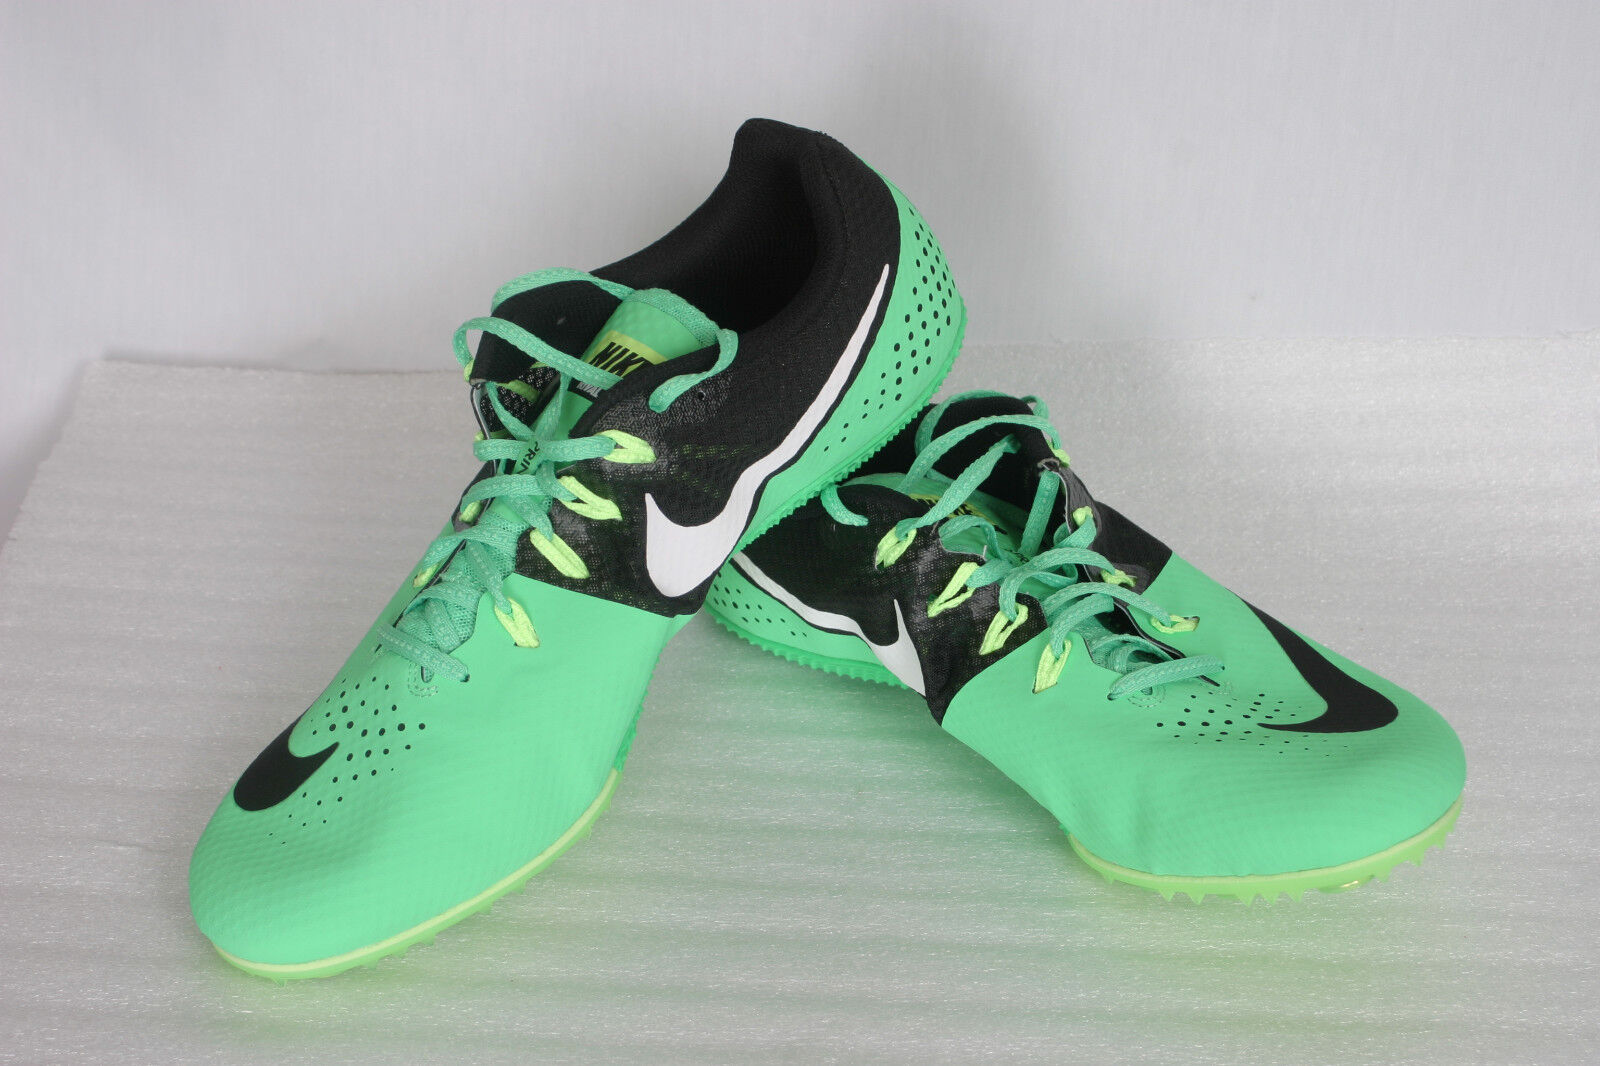 Nike - rivale s mens 8 weg sprint spitzen schuhe grün 806554-303 mens s größe. 7f05f9
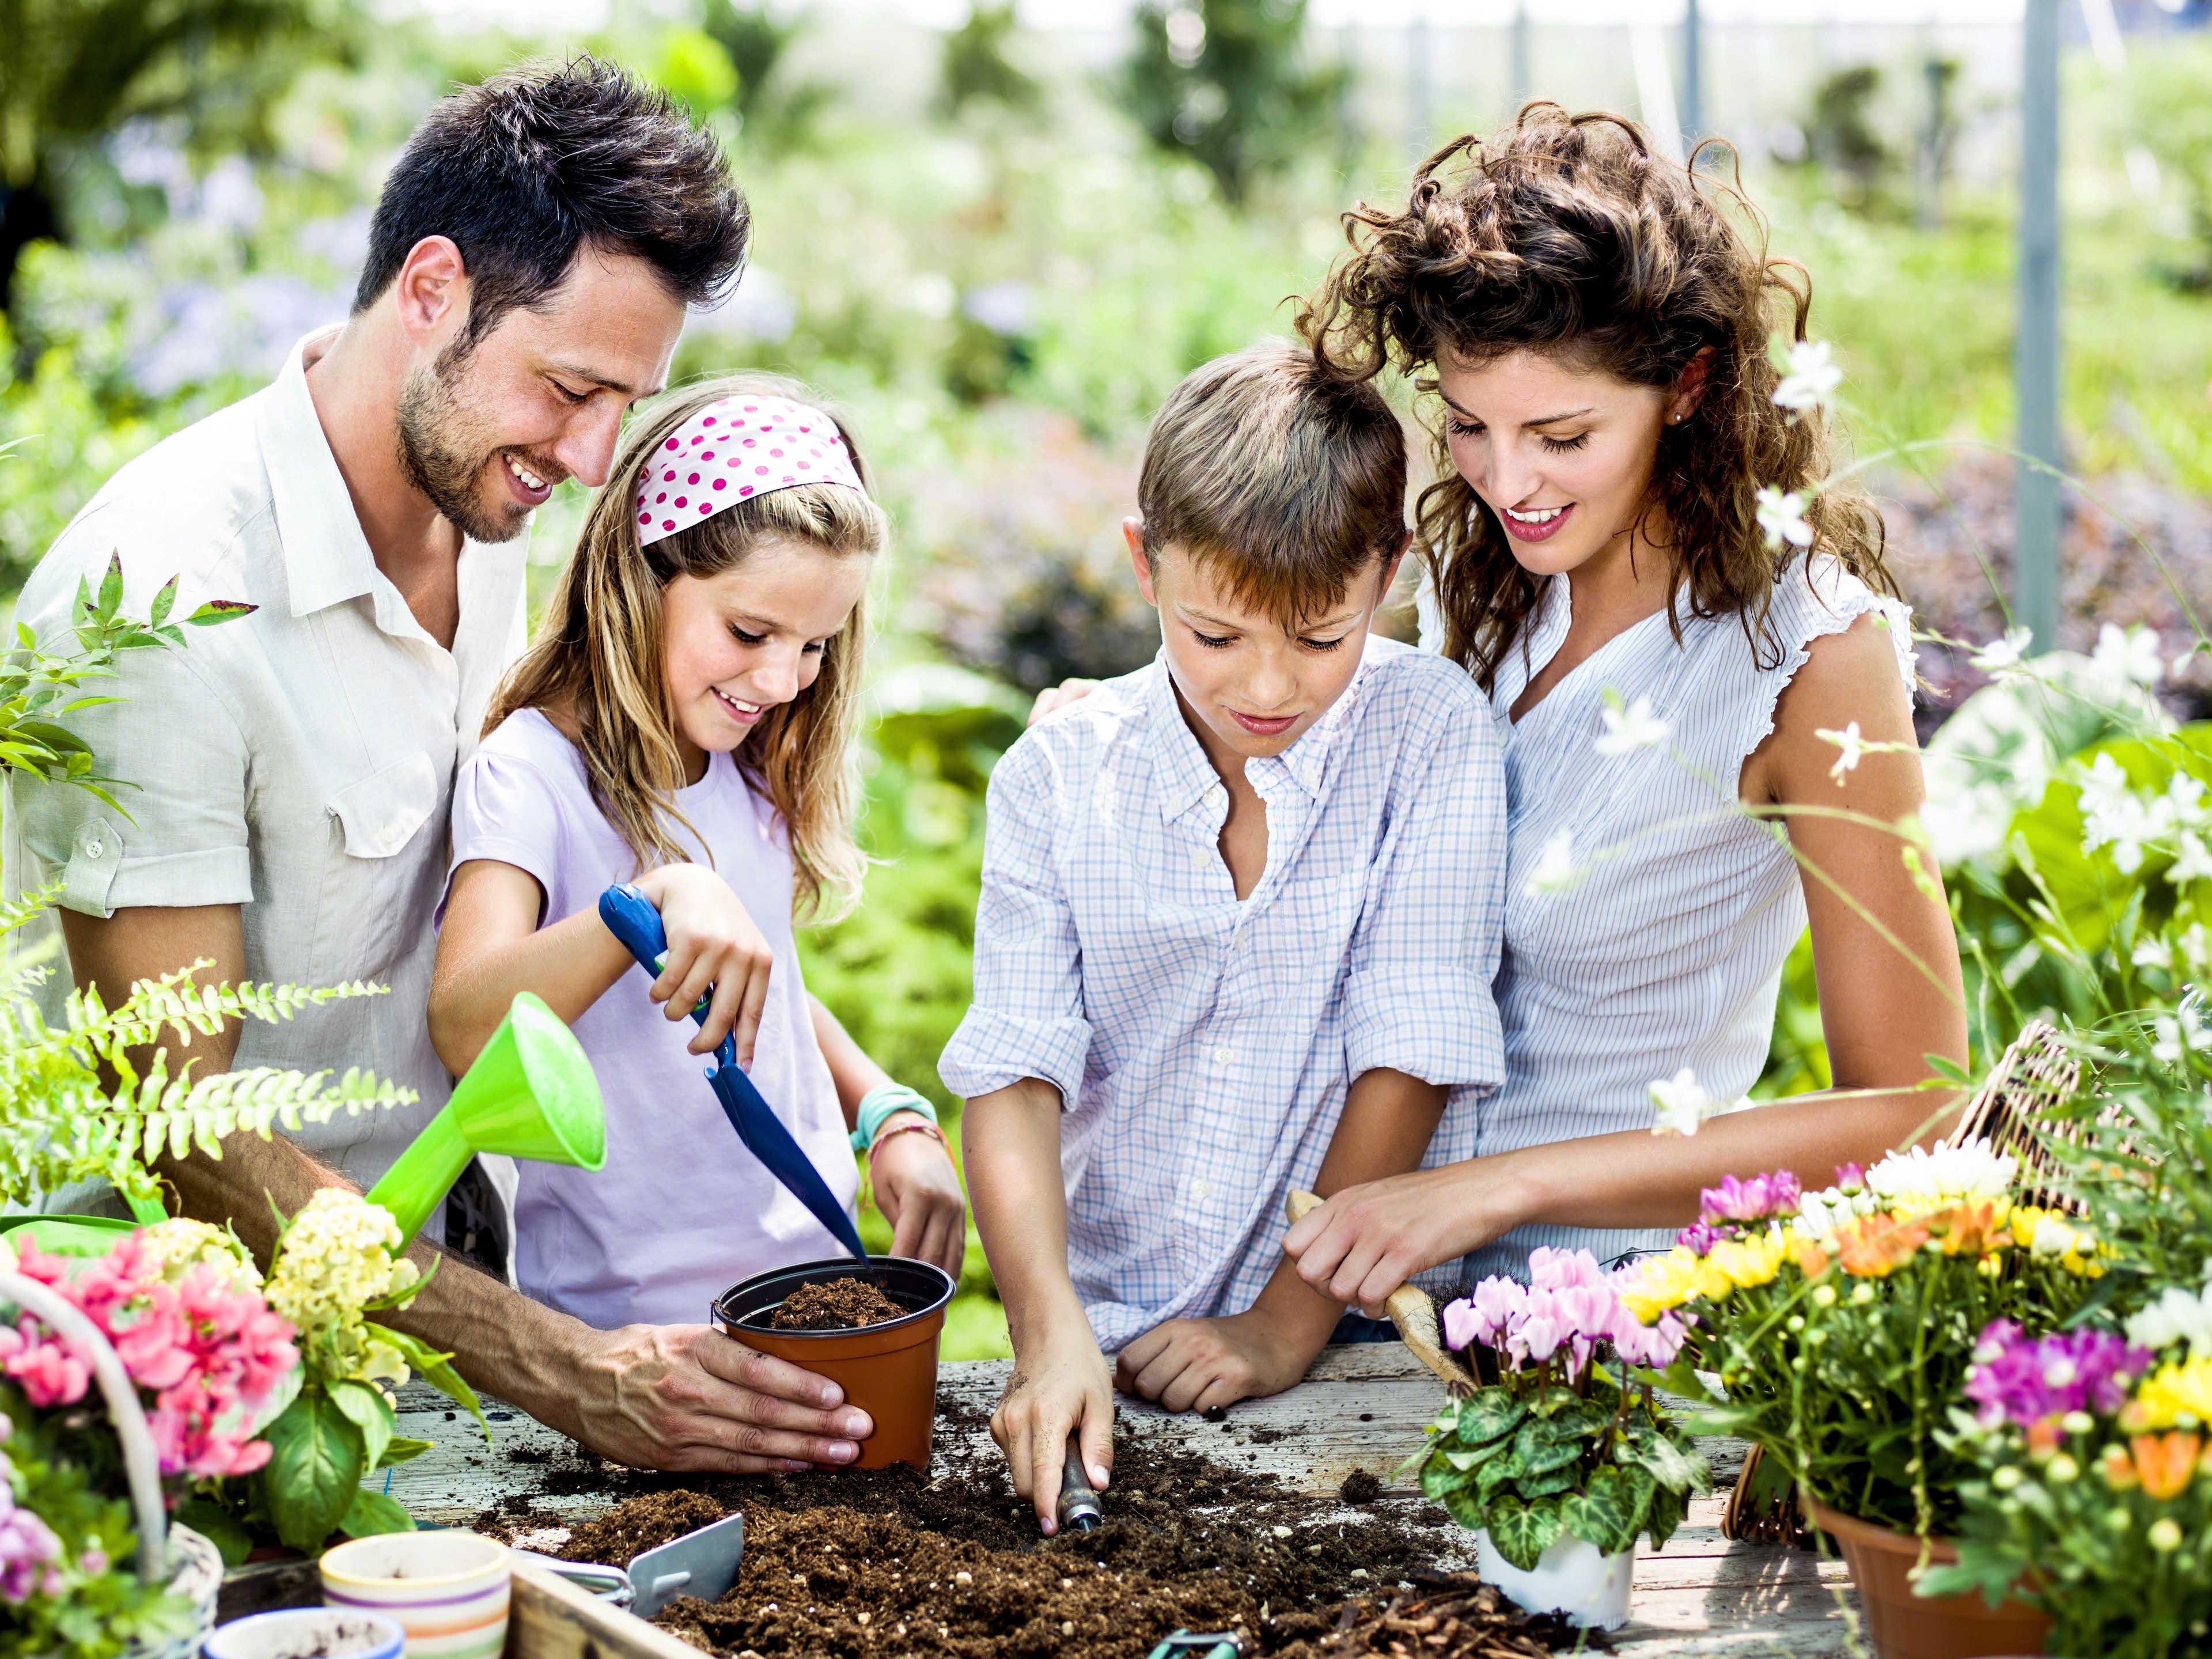 family_gardening-3840x2880.jpg
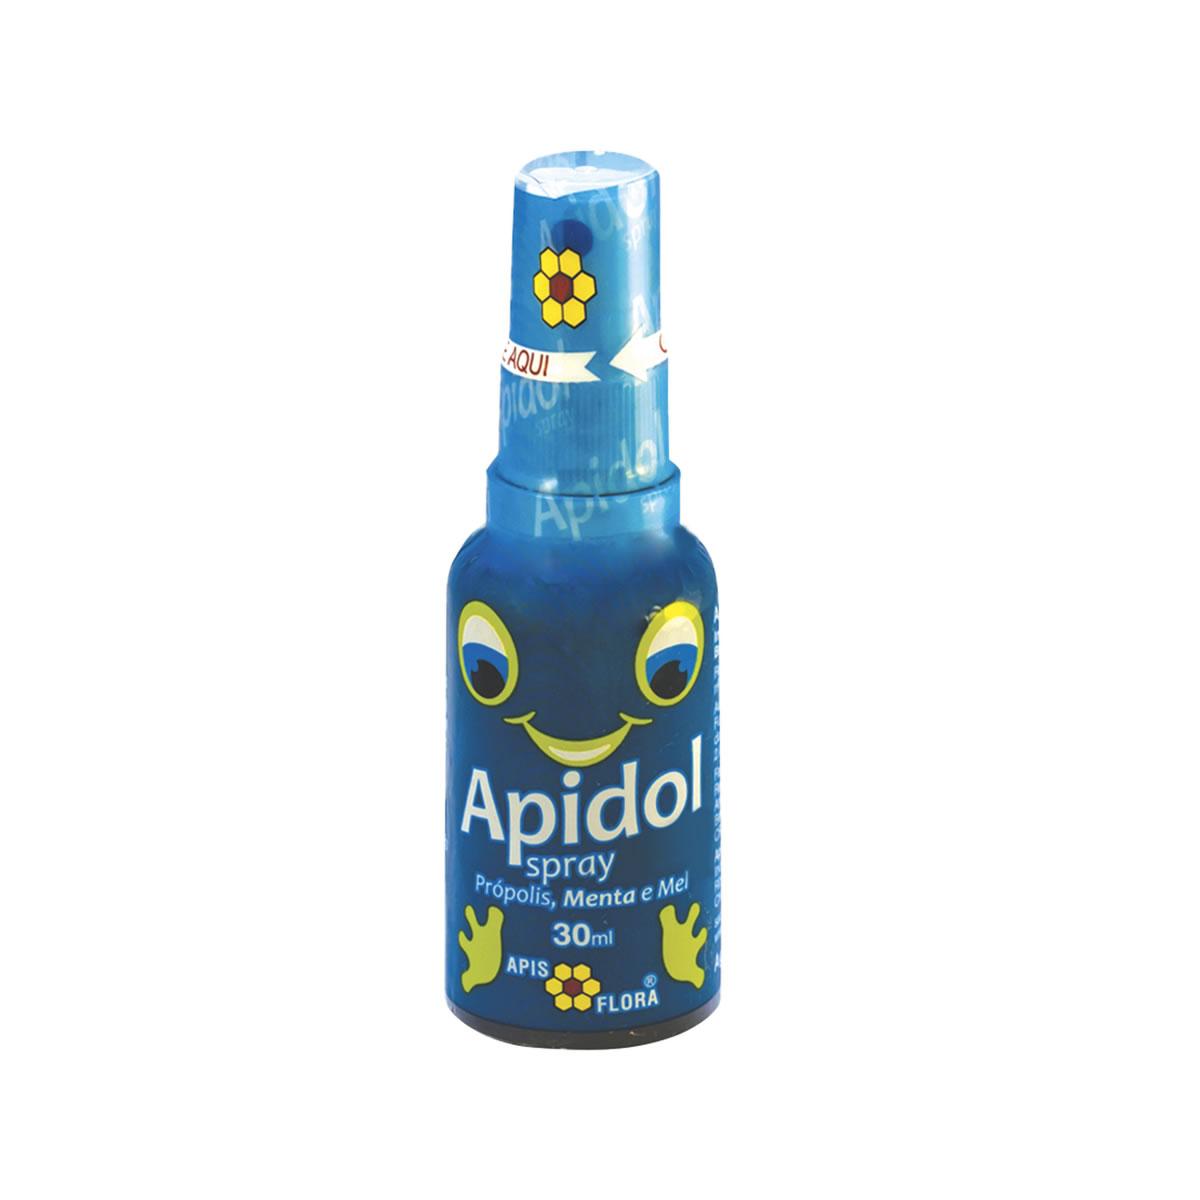 Apidol Spray Sabor Menta 30ml - Apis Flora

AIM OF THE EXERCISE:
Could the material above be given again exactly, pictures excluded?

SOLUTION TO THIS PROBLEM:
 Nike - rivale s mens 8 weg sprint spitzen schuhe grün 806554-303 mens s größe. 7f05f9
 family_gardening-3840x2880.jpg
 Apidol Spray Sabor Menta 30ml - Apis Flora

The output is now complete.